In the previous methods for identifying machining features, the input data is directly obtained from B_Rep CAD or obtained through transforming the data to mesh, voxel, or cloud points. In the present work, however, the image of a workpiece consisting of one or more machining features is used as input to the feature recognition network. The image of a mechanical part can be created by different tools, including the imaging tool provided by the computer-aided design system. In previous methods, the design data can easily be lost due to the geometric interference of features or repeated conversion of data. In the present method, this problem has been avoided. The network developed by the authors is able to deal with the images of workpieces that are still in the initial steps of conceptual design.

2 Machining feature recognition network: MFR-Net

2.1 The architecture of MFR-Net

The exhaustive identification of a machining feature (MF) entails the extraction of three levels of design and manufacturing characteristics including basic, intermediate, and primary characteristics. The basic characteristics (BCs) represent lines and edges with their specific attributes. The intermediate characteristics (ICs) represent faces, bends, corners, etc. Each IC may consist of several BCs. The primary characteristics (PCs) embody the topological and geometrical attributes, dimensions, position, and of MF. The basic, intermediate, and primary characteristics are categorized into two groups. The first group is responsible for the recognition of some information such as the name of MFs and the location of specified dimensions in the MFs image. The second group includes the text, numbers, etc. Each of these characteristics in the two groups has its special relative impact coefficients that are used in the MFR-Net design and training phases. Twenty machining features introduced in STEP AP224 can be recognized as the basic machining features by MFR-Net. The composite machining features consisting of the basic features can also be identified. Four of these twenty machining features, including round edge, fillet, chamfer, and v-slot, were selected as pilots for designing the network.

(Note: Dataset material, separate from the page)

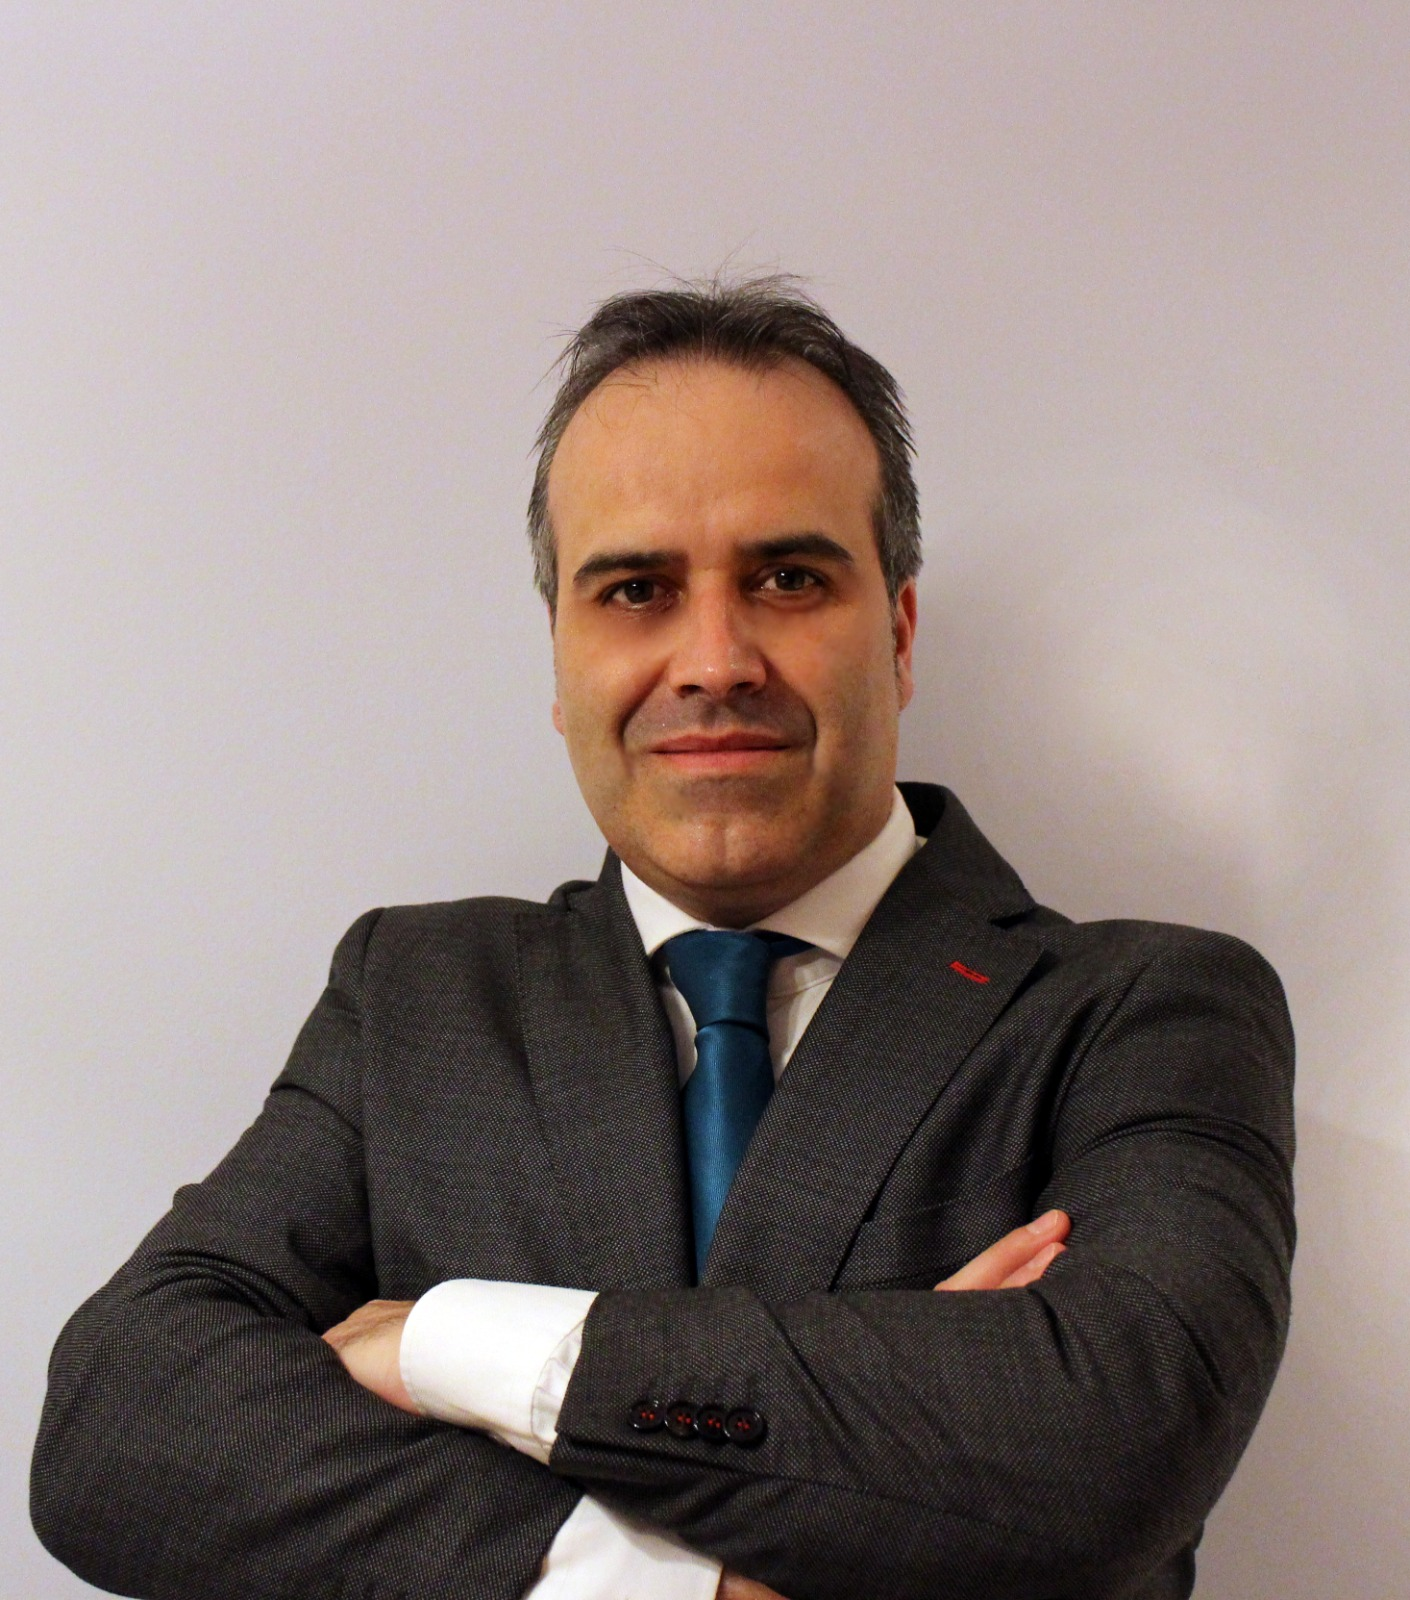 Jose de Francisco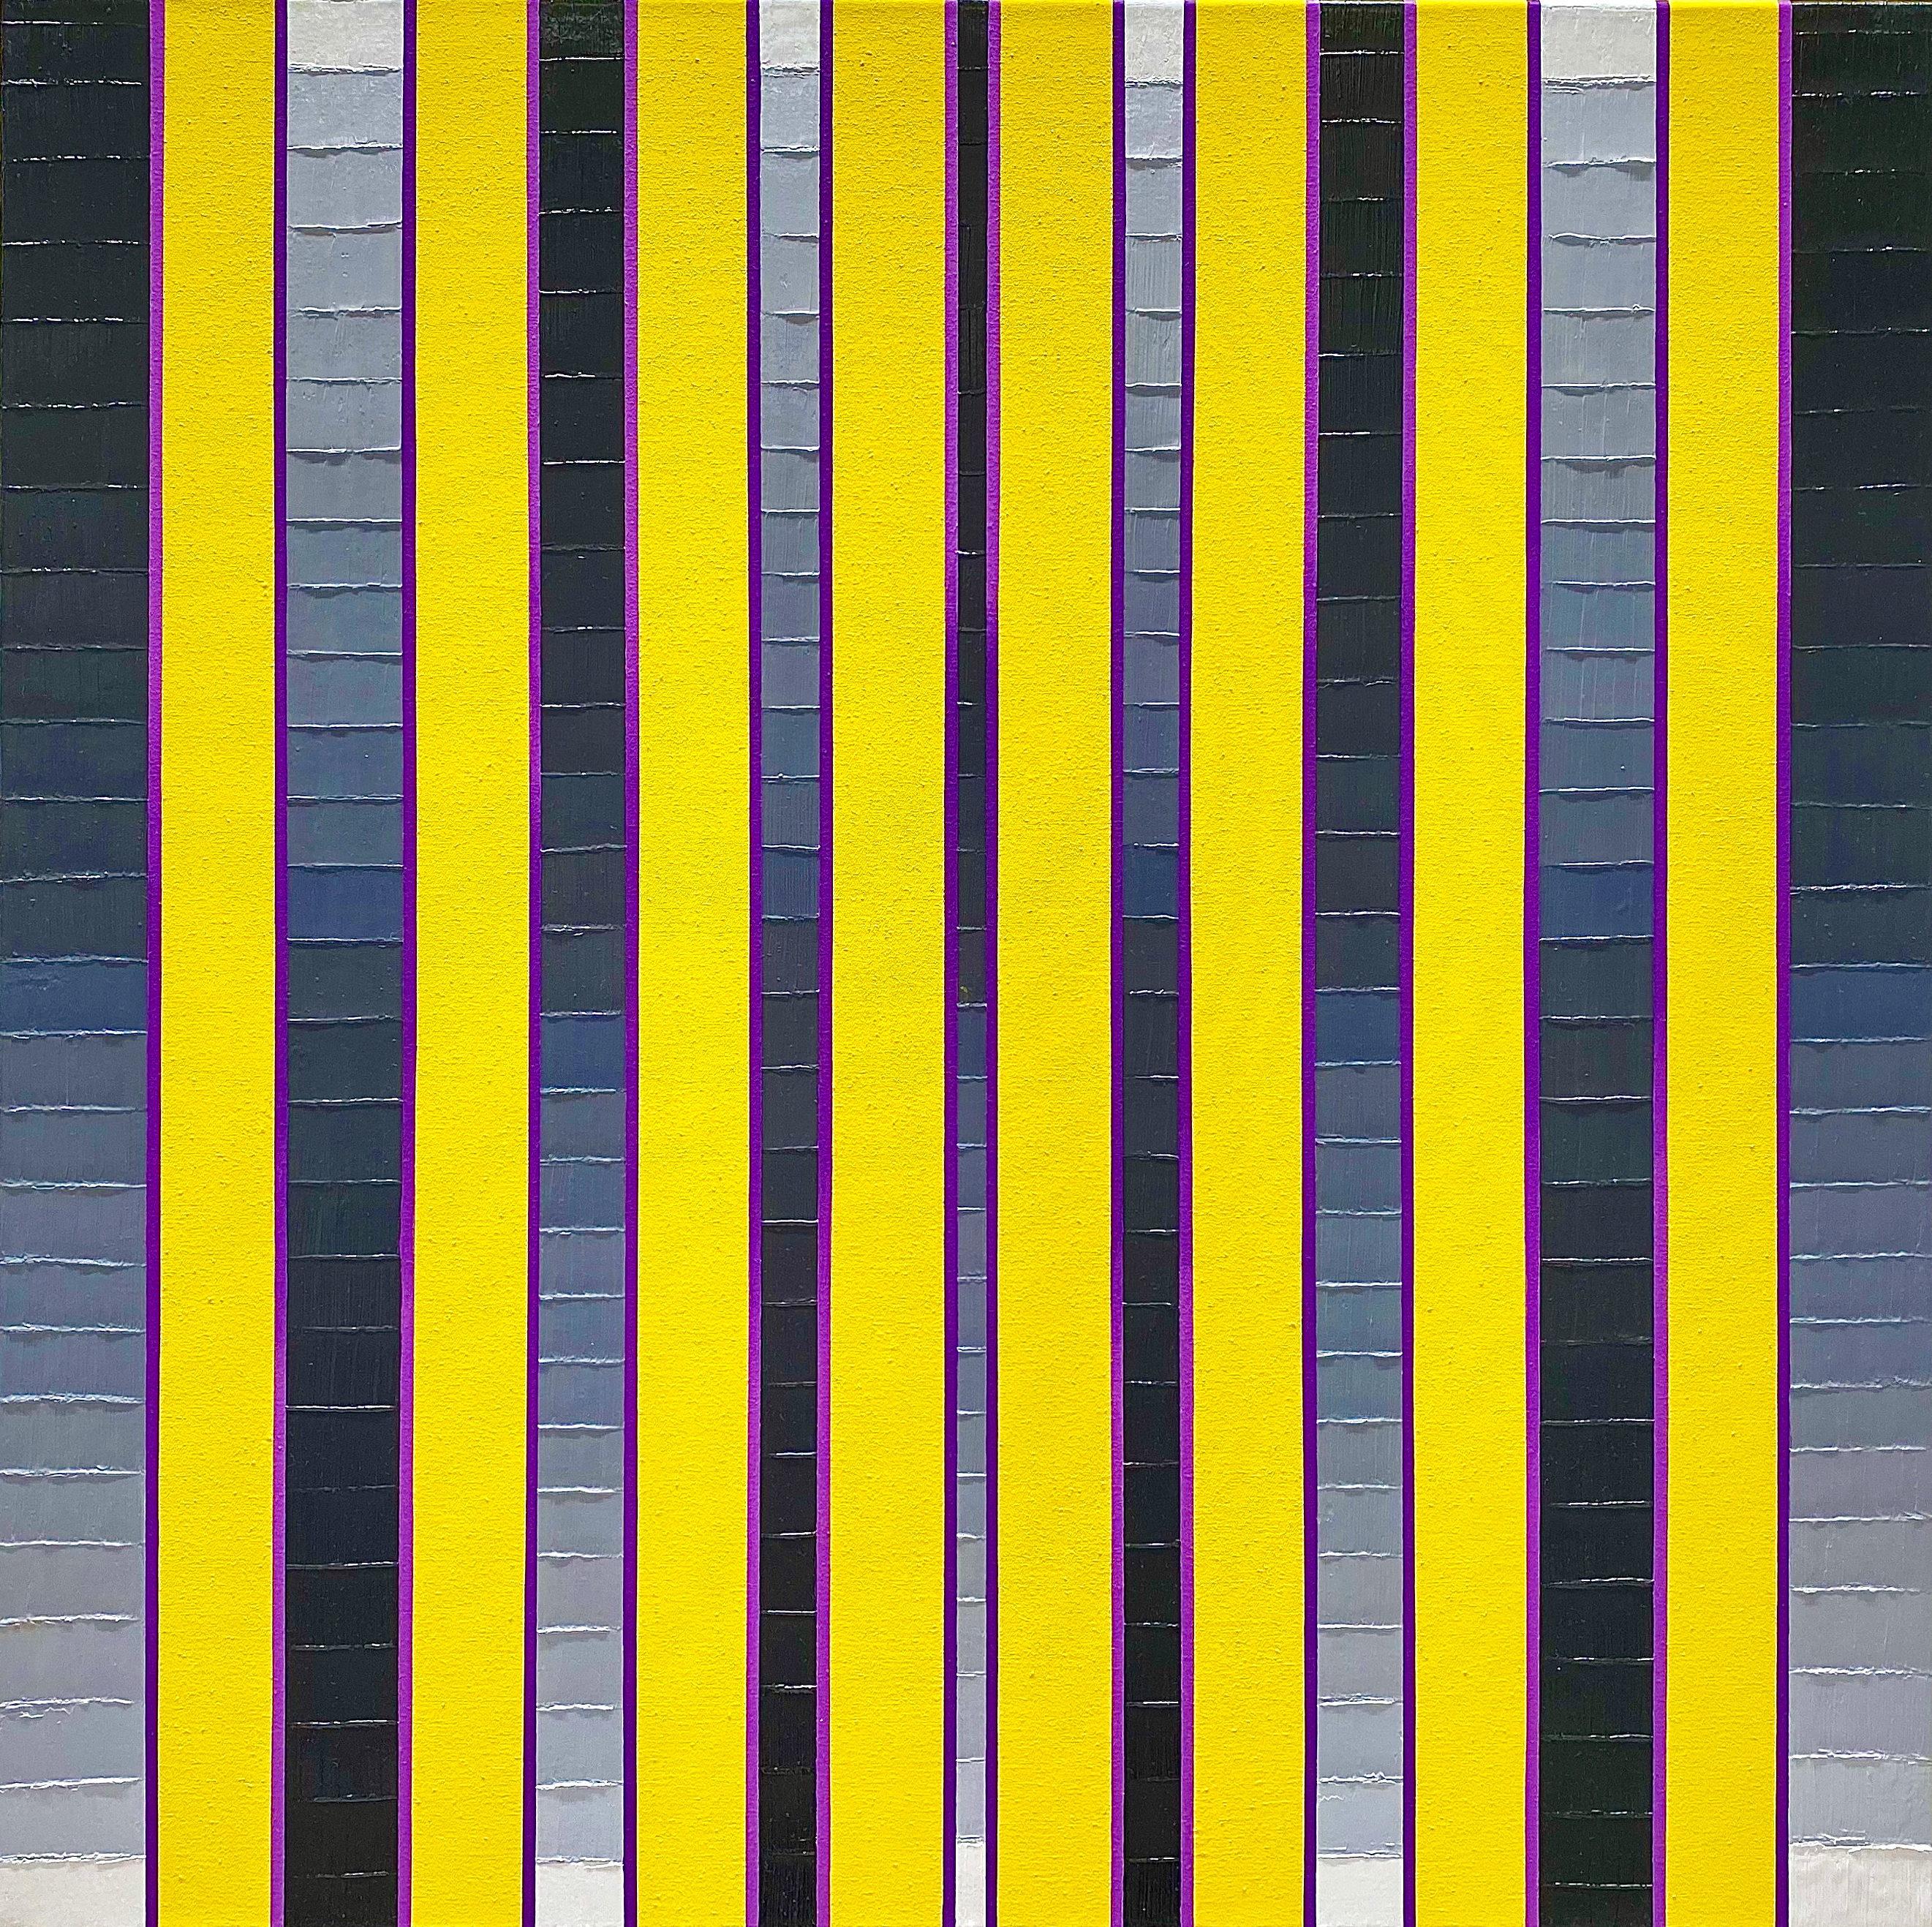 WAHRNEHMUNGSSTREIFEN 016 Canvas  70 x 70 x 2 cm  Acrylic Oil on canvas

The identification of MFs is carried out in three parts of MFR-Net, as three independent subnetworks. One subnetwork is developed for the recognition of MFs’ shapes and the locations of dimensions. Another subnetwork is implemented for the recognition of tolerances, symbols, and texts. The other subnetwork is developed as the inference module. The schematic architecture of MFR-Net consisting of these three subnetworks is presented in Fig. 1. Each of these subnetworks is designed on the basis of YOLO v4 architecture. All BCs and ICs of machining features are extracted by the two first subnetworks. These two subnetworks are known as CSPDarknet53 and are the backbone structure of YOLO v4 architecture. Each CSPDarknet53 subnetwork consists of more than 17,800 convolutional filters and 2.76 million parameters. The 3rd subnetwork is the object detection block part of Yolo v4. In this subnetwork, all ICs of the two prior subnetworks are integrated on the basis of their common labels.

Fig. 1
figure 1

The schematic architecture of MFR-Net

In the first subnetwork, the characteristics of eighteen PCs, including four names of the four pilot features, four positions of the origins of these features, and ten dimensions observed in the image, are extracted. In the second subnetwork, the characteristics of the next sixteen PCs (dimensions, texts, and symbols) are extracted. These include ten digits from zero to 9 and six symbols consisting of parentheses, decimal points, positive and negative signs, the word feature, comma signs, and radii denoted by p, d, t, f, c, and r, respectively. It should be noted that in each of these two independent subnetworks of MFR-Net, the BCs are first extracted from the input image data. The ICs are then identified by using the recognized BCs. Finally, 18 primary characteristics in the first subnetwork and 16 primary characteristics in the second subnetwork are identified. Each of these 34 PCs is called a class as an independent identifiable object. In the third part of MFR-Net, the two mentioned subnetworks are combined to conclude the complete specifications of machining features. The output is presented in a table that can be used in other steps of the computer-aided process planning. The overall architecture of MFR-Net is schematically illustrated in Fig. 1.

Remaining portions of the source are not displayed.